Terms: ``Motor Carrier'' and ``Owner or Operator''

    Prior to the 1998 TEA-21 amendment, 49 U.S.C. 31144 applied to 
``owners and operators of commercial motor vehicles, including persons 
seeking new or additional operating authority as motor carriers.'' As 
amended, the section now refers to these entities as ``owner[s] or 
operator[s]'' of commercial motor vehicles, but not ``motor carriers.'' 
Although no explanation is provided in the committee reports, the FHWA 
believes this was done to cure an anomaly.
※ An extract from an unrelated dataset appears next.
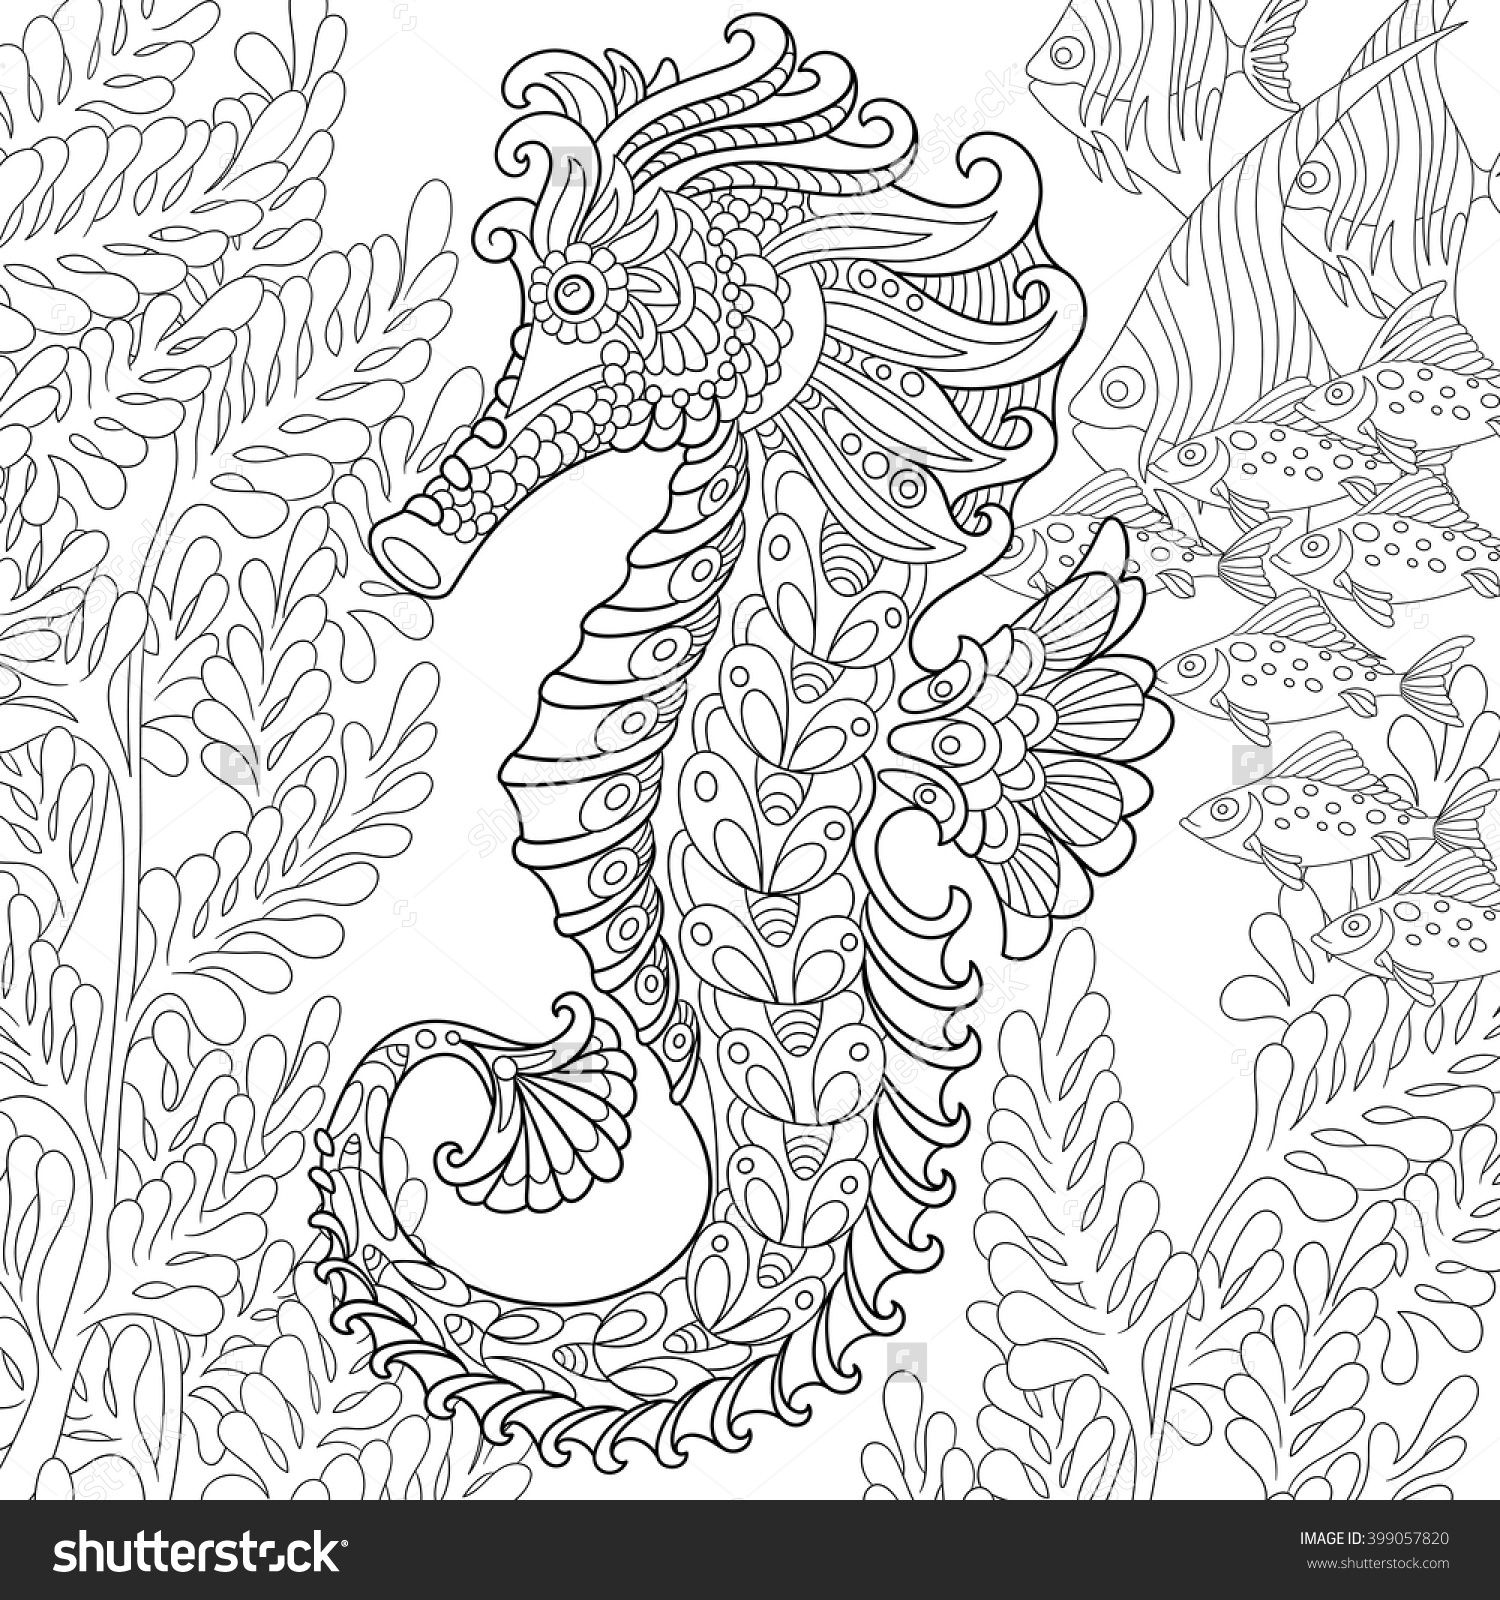 Zentangle stylized cartoon seahorse and tropical fish among seaweed ...
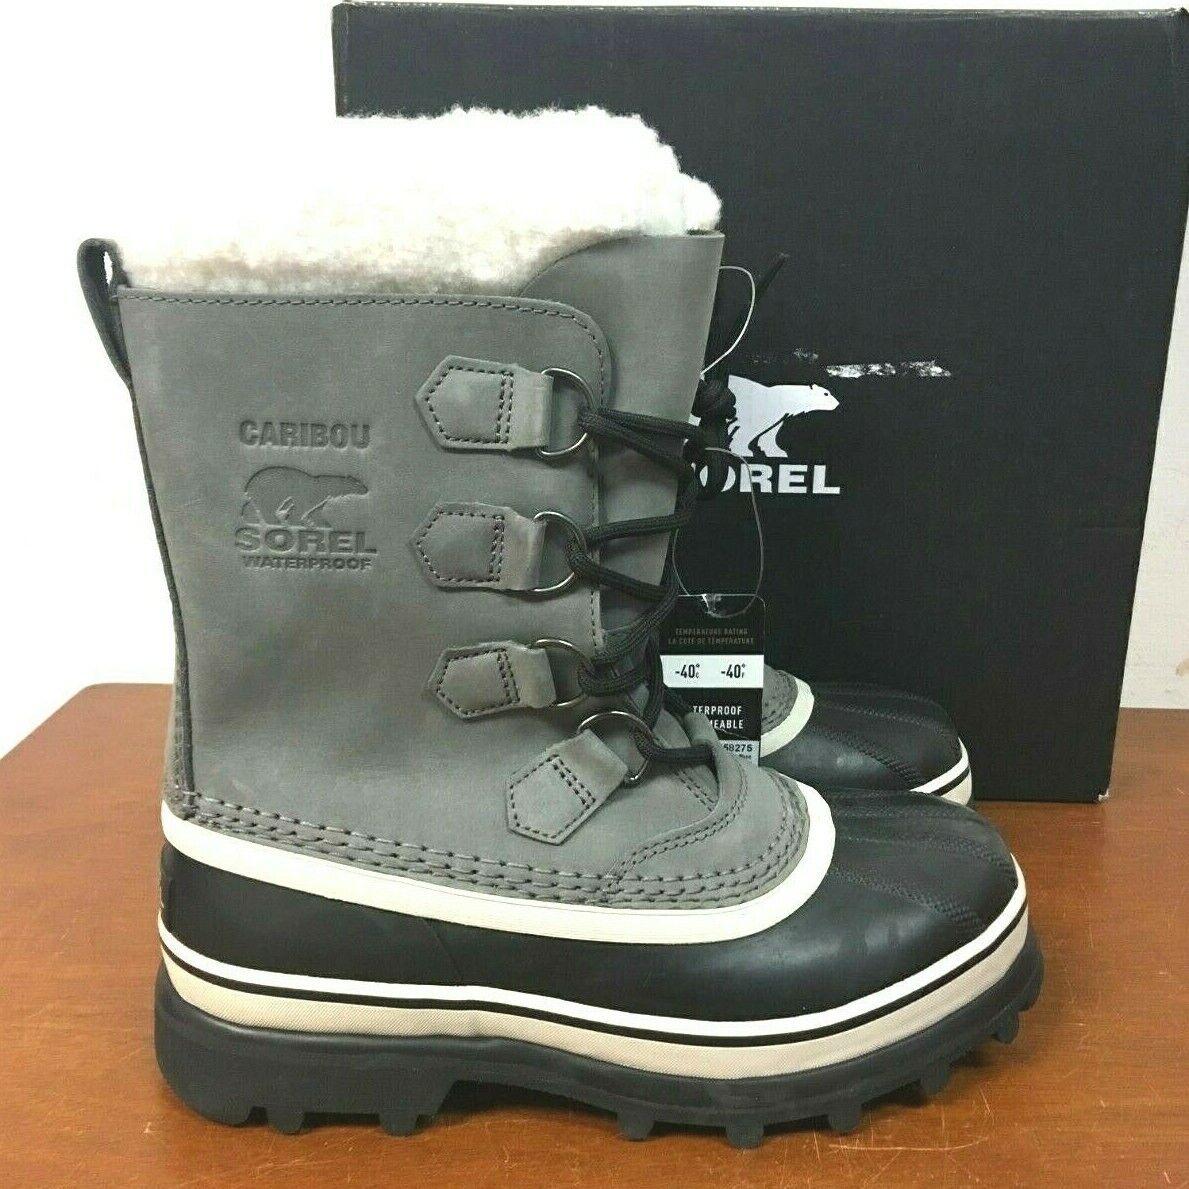 SOREL Women's Caribou Waterproof Rain Snow Winter Boots GRAY

Section 31144 was the only 
section in 49 U.S.C. chapter 311 which used the term ``motor carrier;'' 
it was not included in the definitions in section 31132. The Motor 
Carrier Safety Act of 1984, from which chapter 311 was derived, used 
the jurisdictional term ``commercial motor vehicle.'' ``Motor carrier'' 
and ``motor private carrier'' were defined separately in those 
provisions of title 49 of the United States Code administered by the 
Interstate Commerce Commission; the definitions are now codified at 49 
U.S.C. 13102. The FMCSRs have long treated owners and operators of CMVs 
as ``motor carriers'' (see 49 CFR 390.5). The regulatory text of 49 CFR 
part 385 would continue to use the term ``motor carrier'' as equivalent 
to ``owners and operators'' specified by amended section 31144.

Effect of Rating

    Since 1991, motor carriers receiving an unsatisfactory safety 
rating from the FHWA have been prohibited from using CMVs to transport 
more than 15 passengers, including the driver, or placardable 
quantities of HM, in interstate commerce. Furthermore, those motor 
carriers could not be used by Federal agencies. These prohibitions and 
the procedures for applying them are contained in 49 CFR 385.13, which 
implemented section 15(b) of the Motor Carrier Safety Act of 1990. The 
TEA-21 provision expands the same prohibition, under virtually 
identical conditions, to all other motor carriers, irrespective of 
their cargo, which are found by the FHWA to be unfit. These owners and 
operators may not operate CMVs in interstate commerce beginning on the 
61st day after such fitness determination.
    Despite the change in the language, nothing in the amending 
provision would indicate any intention on the part of Congress to 
require the FHWA to change the effect of an unsatisfactory rating 
applied to a motor carrier of passengers or placardable HM. Although it 
extends the prohibitions to all other motor carriers, section 4009 does 
not require that another standard be applied. Consequently, the FHWA is 
proposing to require all other motor carriers with a proposed 
unsatisfactory safety rating to cease operations when that rating 
becomes final. As is already the case with passenger and HM carriers, 
these other motor carriers would be given an appropriate period of time 
within which to improve that proposed rating.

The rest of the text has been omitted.